October 1, 2019

Understanding HTML Obfuscation

Understanding HTML Obfuscation

The literal meaning of "Obfuscate" is to make things unclear. Let us see how it adds to web application security in this article.

Obfuscation vs Minification

HTML Obfuscation is different from Minification. Most people mix up these two things. The goal of minification is to reduce the size of content and save bandwidth and often achieved by avoiding unwanted characters like comments, whitespaces, delimiters etc... Where as Obfuscation is a series of transformation steps like shortening variable names , encrypting code so that it is not straight forward to read and understand the code and hard to reverse engineer it.

What is the Need For HTML Obfuscation?

Users posts sensitive information through web applications. It can be username and password in a login form, or it can be credit card information in checkout page. End of the day, they are input fields.

Even if the password field is an input field with type=password. One can inspect the password field, toggle it's type and can see the value. This is an advantage to hackers as well. They might inject malicious code and with out the knowledge of user, these malwares can track data from these input fields and share with hackers.

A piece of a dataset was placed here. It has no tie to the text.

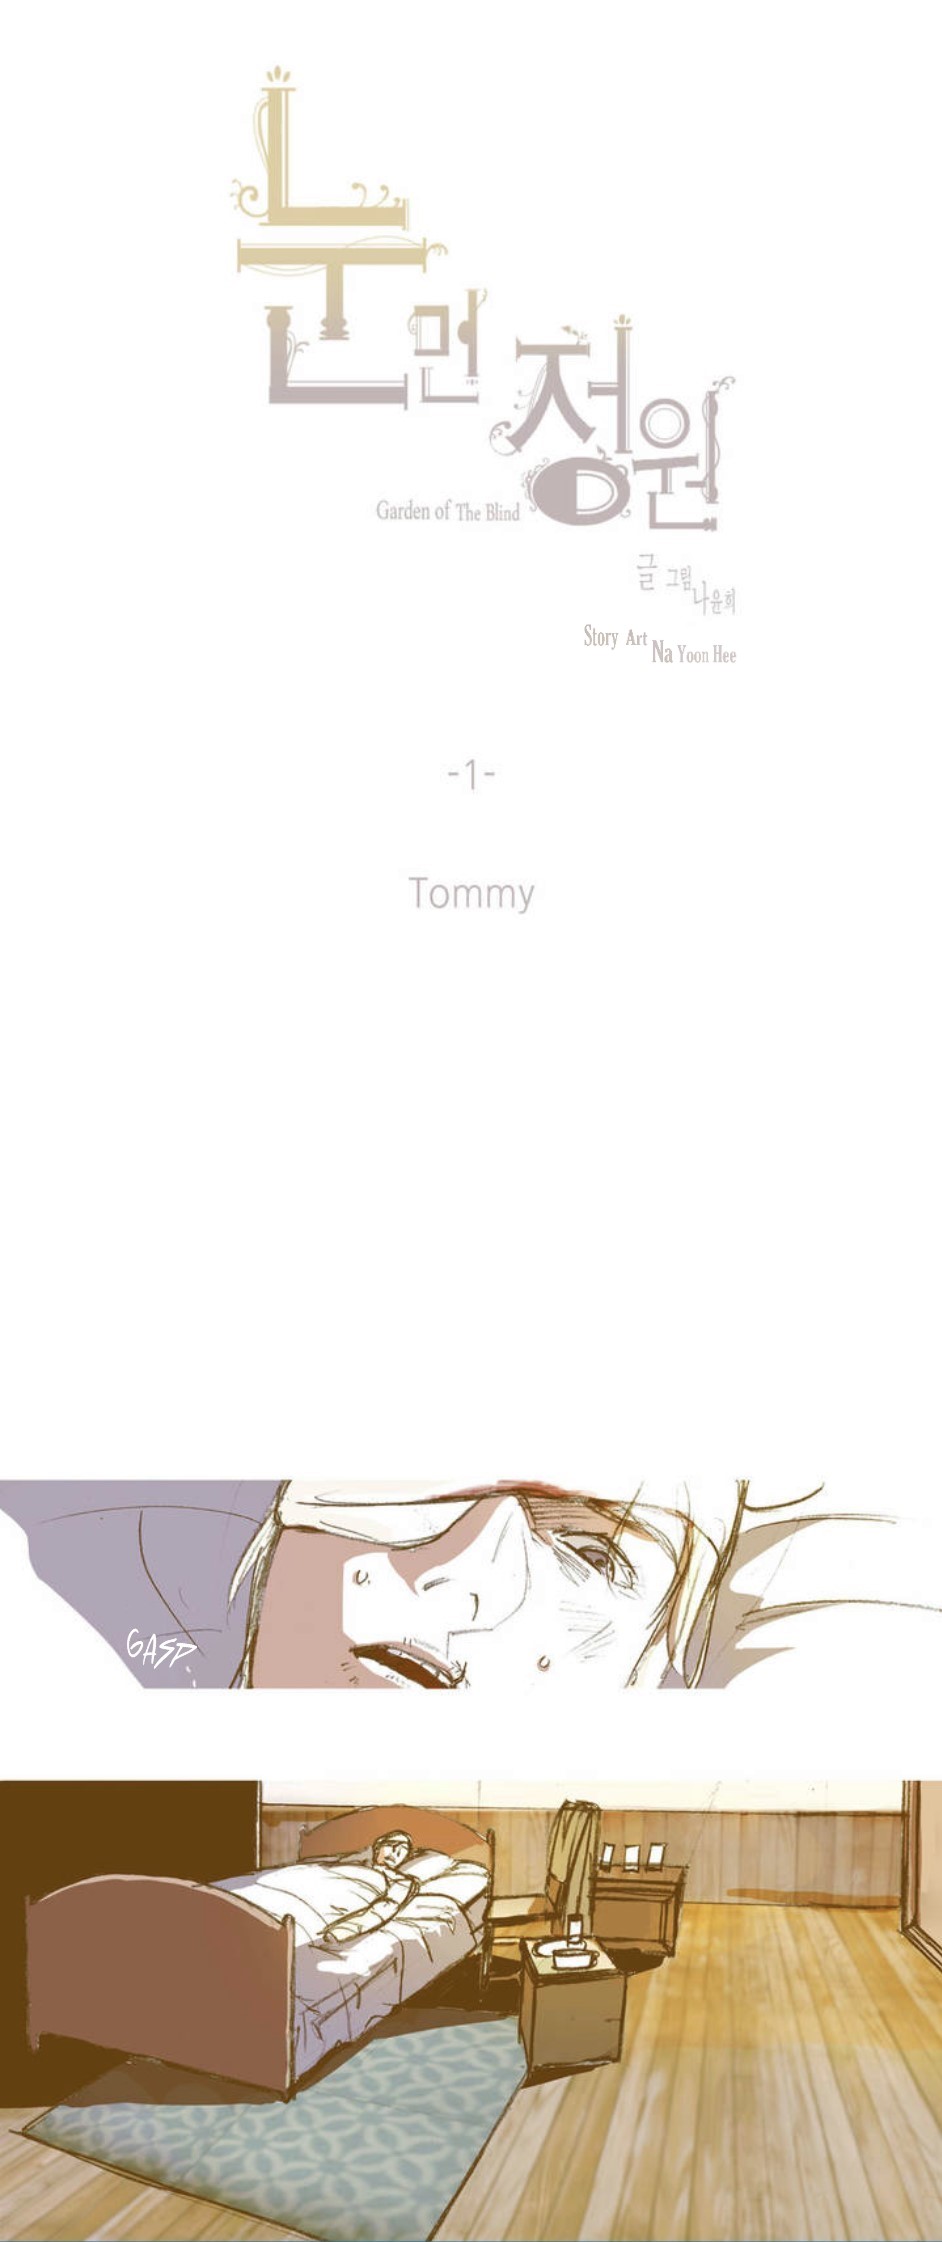 Garden of the Blind Ch. 1 Tommy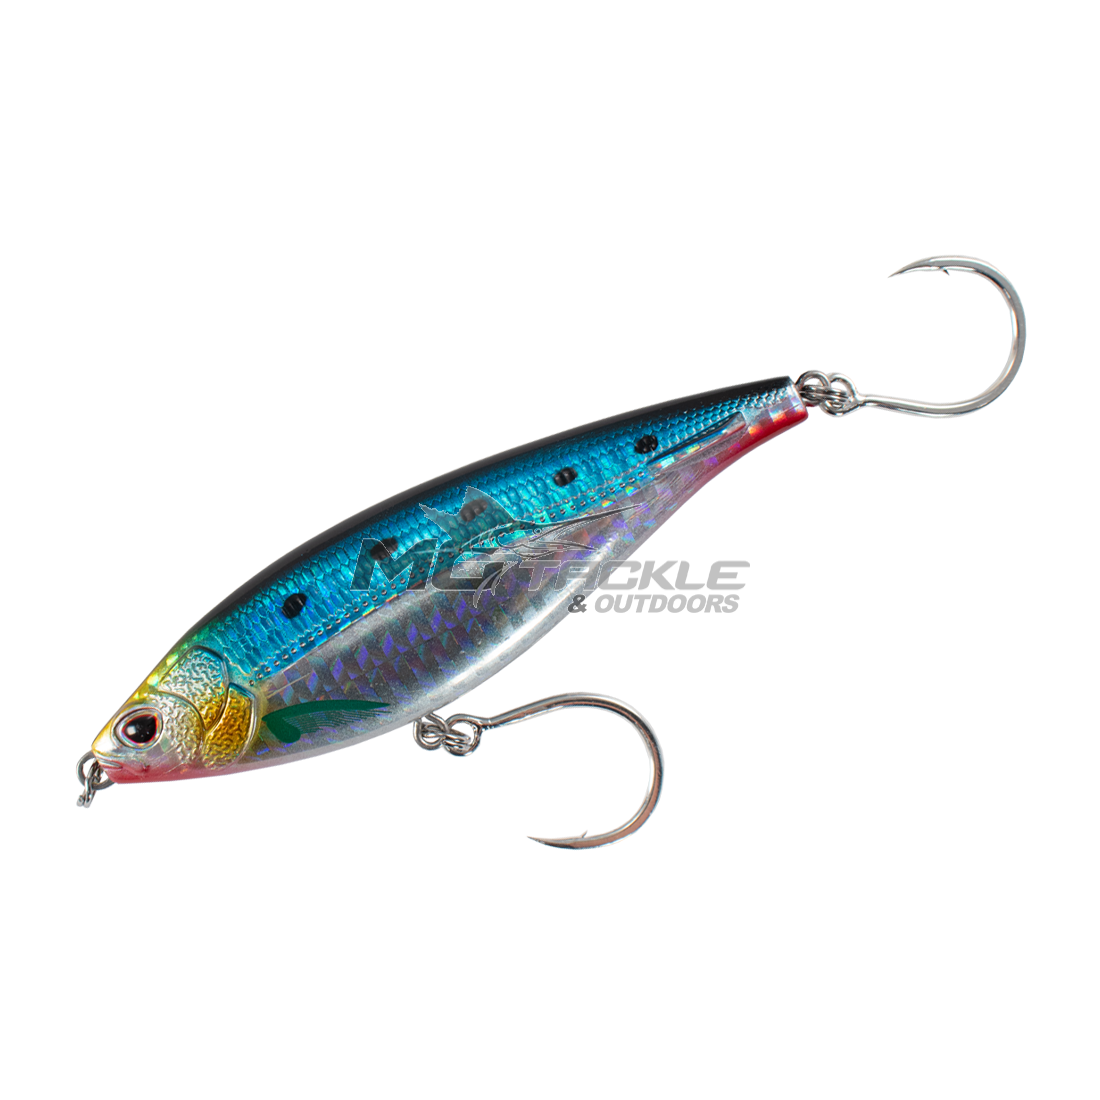 Nomad Design Madscad AT SSNK Lure

To avoid this, we need to Obfuscate the HTML page content. HTML Obsfucation helps in avoiding Mail Harvesting softwares, hide info from search engines. There are many open source tools available online to achieve it. Let us take a simple form as shown below and try to Obfuscate it.

Let us consider the following HTML document with form fields..

User Signup Form

User Signup Form

<label for="uname">User name:</label><br>
<input type="text" id="uname" name="uname" value=""><br>
<label for="lname">Password:</label><br>
<input type="password" id="password" name="password" value=""><br><br>
<input type="submit" value="Submit">

Let us Obfuscate it using the free tool at https://www.wmtips.com/tools/html-obfuscator. we can see the resulting code is not easily readable..

HTML Code Obfuscated

We can serve the obfuscated code instead of plain HTML. We can see this code is hard to read. With Advanced tools and custom obfuscation logics, we can make it even harder.

Thats it from our side!! Hope you gained some knowledge about HTML Obfuscation.


1.  You can use any paid tool or a npm to obfuscate..we used WMTIPS only to demonstrate the concept.                                                                                                              

2. Even With Obfuscated code, you can inspect elements and read data using chrome developer tools, however obfuscation can prevent malware to read your HTML code..Try view source and observe!